I was sitting on the sidewalk and he pulls up in his S-Class Mercedes.  He gets out and takes like 3 seconds to puff his chest out before he walked to the store. 

I go, “Hey, down here!  Mr. Haslem!  I’m a huge Browns fan and I want you to cut Hawkins.  He’s dead weight with a capital W!”
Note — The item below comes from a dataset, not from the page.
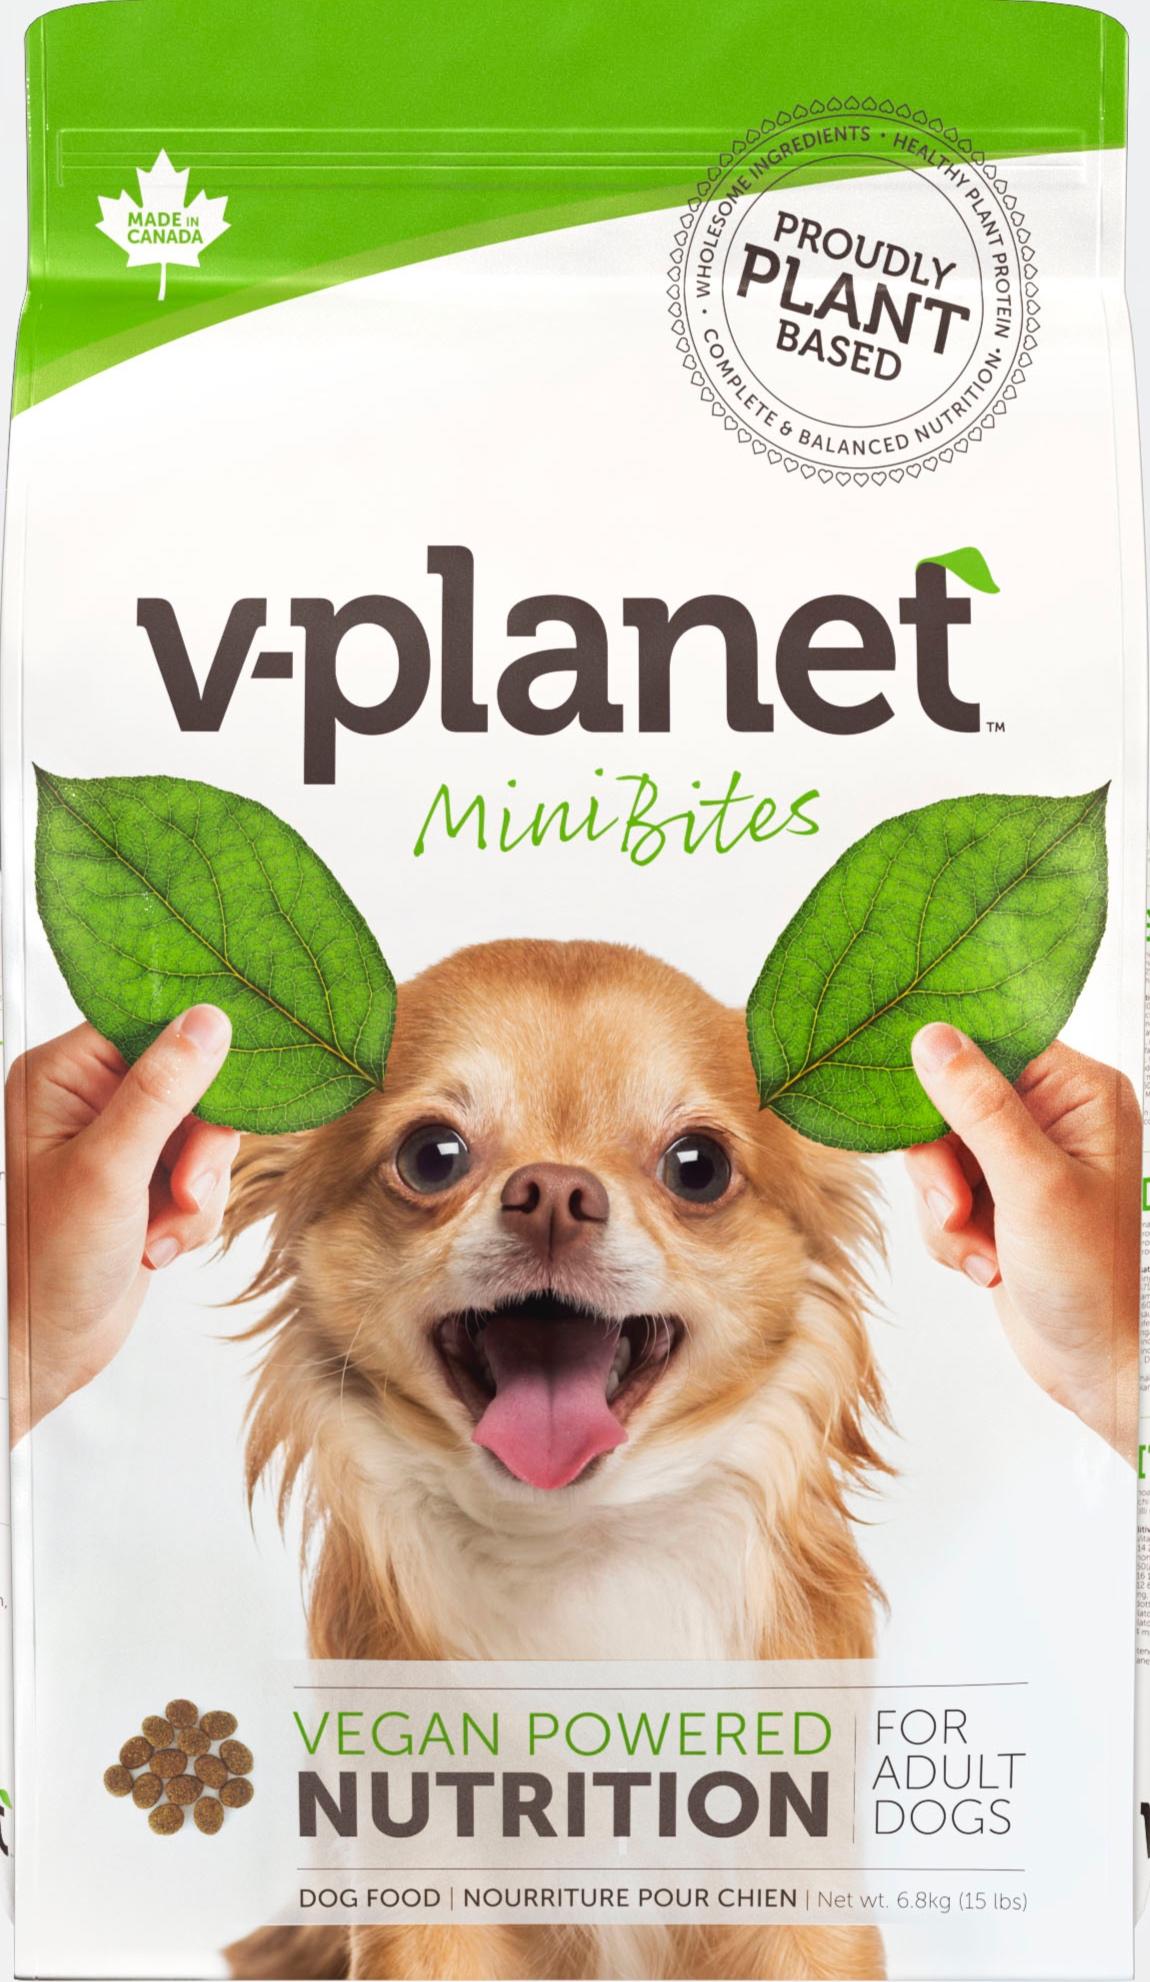 VPlanet_Bag15lb_6.8kg_miniBites_6_FA.jpg
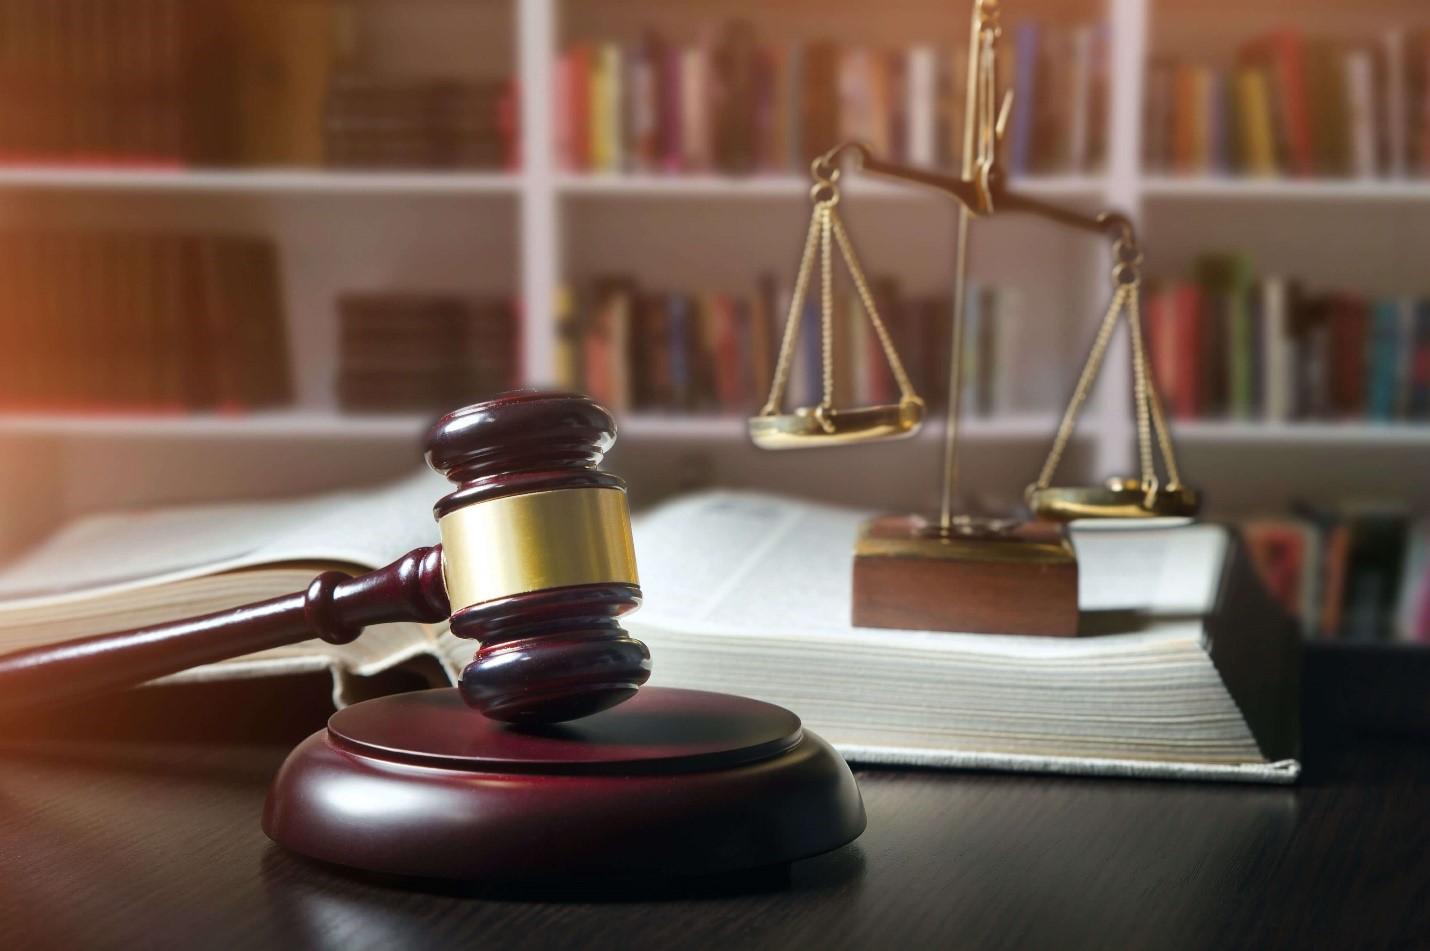 در زیر به مراحلی که برای ارائه سند در دادگاه انجام می شود اشاره کرده ایم:

Haslem said, “My God, is it you?  I haven’t seen you since you told me to draft Johnny Football.  Damn, you’re a mess, son.  You look like someone I’d punch at a Donald Trump rally.  Eh, looks like you vomited on your Browns sweatshirt there.”

I said, “Hey it happens.  I puked ‘cause I was thinking about all those crap plays Hawkins blew last year.  Cut that loser and we headed for the Super Bowl!  I’m a Browns Believer!  Uurrrgggghh. [Barfed a little more after saying that]”

Haslem goes, “Damn!  You’re just the right person to give me football advice!  You’re a homeless vagrant, your drunk, you’re a minority, your pants are unzipped, and of course you’re a Browns fan.  Fuck.  I can’t just cut him though.  My dadgum Dad is making me use sabermetrics to make all my football decisions.  He saw some ***damn movie about baseball and now he’s making me let these baseball accountant guys make all the decisions.  He bought me the team so I can’t say shit.”  His cell phone rang and he pulled it out of his pocket and said, “Wait I gotta answer this.”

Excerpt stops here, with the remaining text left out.